Keep in mind that the HOG is a vector, which is composed of a series of small histograms. Therefore, to visualize the data, we need a trick. In the example of the HOG representation of a cup shown in the picture above:
- each bar is oriented perpendicularly to the average orientation of its corresponding cell, and
- the brightness of each bar is scaled according to the magnitude of the gradients in that cell.
If you are interested in knowing more about this method, the curse of dimensionality, and how to reduce its dimension, you can find more details in this blog:
Wavelet edge detection
A wavelet transform is a mathematical tool that decomposes a signal or a picture into its frequency components.
The wavelet image decomposition technique can be used in many different applications. For example, for compressing, denoizing, or detecting edges in pictures.

Once the image has been decomposed with the wavelet transform, the decomposed images can be analyzed to extract information. For example, the horizontal and vertical details can be used to detect the boundaries of objects in the image.
You can find more information about how to extract edges from wavelet pictures in the following post:
Auto-encoder
A common approach to unsupervised learning is auto-encoding. Auto-encoders are neural networks trained to learn a representation of the data in a lower dimensional–sometimes called "embeddings" or "latent space".
To illustrate how an auto-encoder works, let's have a look at the picture below. First, the input picture is encoded by a neural network in a lower dimensional space and further decoded by another network to reconstruct the picture.
The error between the input image and its reconstructed version is used as a cost function to train the encoder and decoder networks.

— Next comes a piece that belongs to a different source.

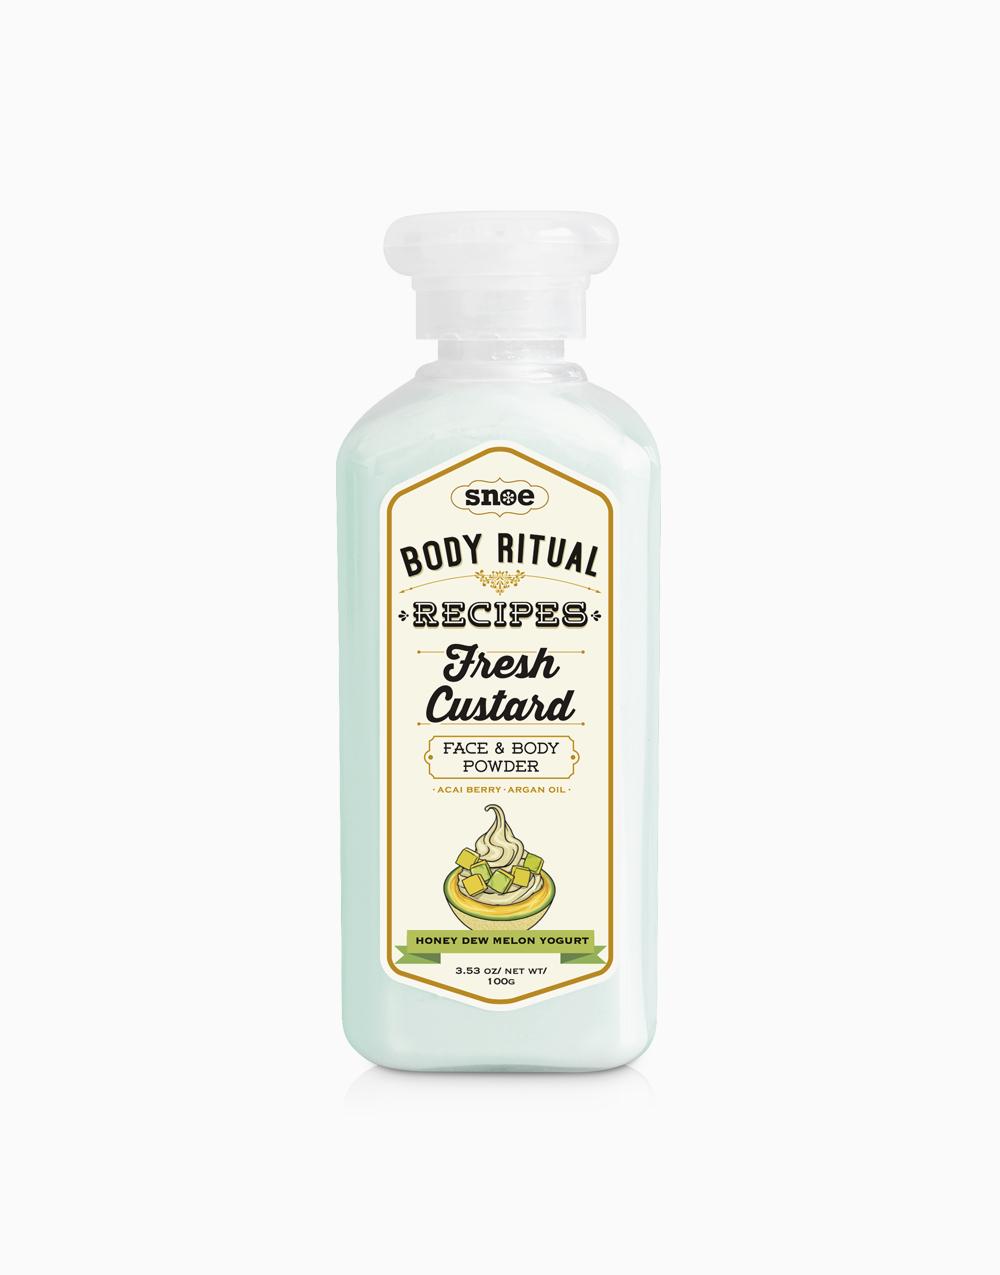 Body Ritual Recipes Fresh Custard Powder by Snoe Beauty   Honey Dew Melon Yogurt

The idea is that the lower-dimensional representation captures the structure of the data.
In other words, the latent space extracts features from the input picture.
A traditional method would use the reconstruction error to detect errors in the image. In our case, we have limited resources, and we only want to use the encoder network to extract features from the image.
The only issue is that two pictures that are close to one another in the input space are not necessarily close in the latent space. Nevertheless, this issue can be solved with the Laplacian version of the auto-encoder.
Laplacian auto-encoder
The Laplacian auto-encoder is a variant of the standard auto-encoder and can be used to extract a lower dimensional space while maintaining the same neighbors between the original and the lower dimensional space.
For this purpose, we need to construct the K-Nearest-Neighbor Graph (K-NNG). The K-NNG is a data structure that can be used to store the relationship between data points in a dataset.
Each data point is visualized as a node in the graph, and the edges between nodes represent the similarity between data points. More specifically, each point is connected to its K nearest neighbors.
The similarity between data points can be measured using a variety of distance metrics, such as Euclidean distance, Manhattan distance, or cosine similarity, but also Wasserstein if we are comparing histograms–such as the HOG.

More details about distance metrics and the K-NN graph can be found in this post:
So why is the K-NNG useful for the Laplacian auto-encoder?
The laplacian auto-encoder has the same primary goal as any auto-encoder (reduce reconstruction error), but a term is added to the loss function to maintain the same neighbors between the original images and their embeddings a.k.a. lower dimensional space.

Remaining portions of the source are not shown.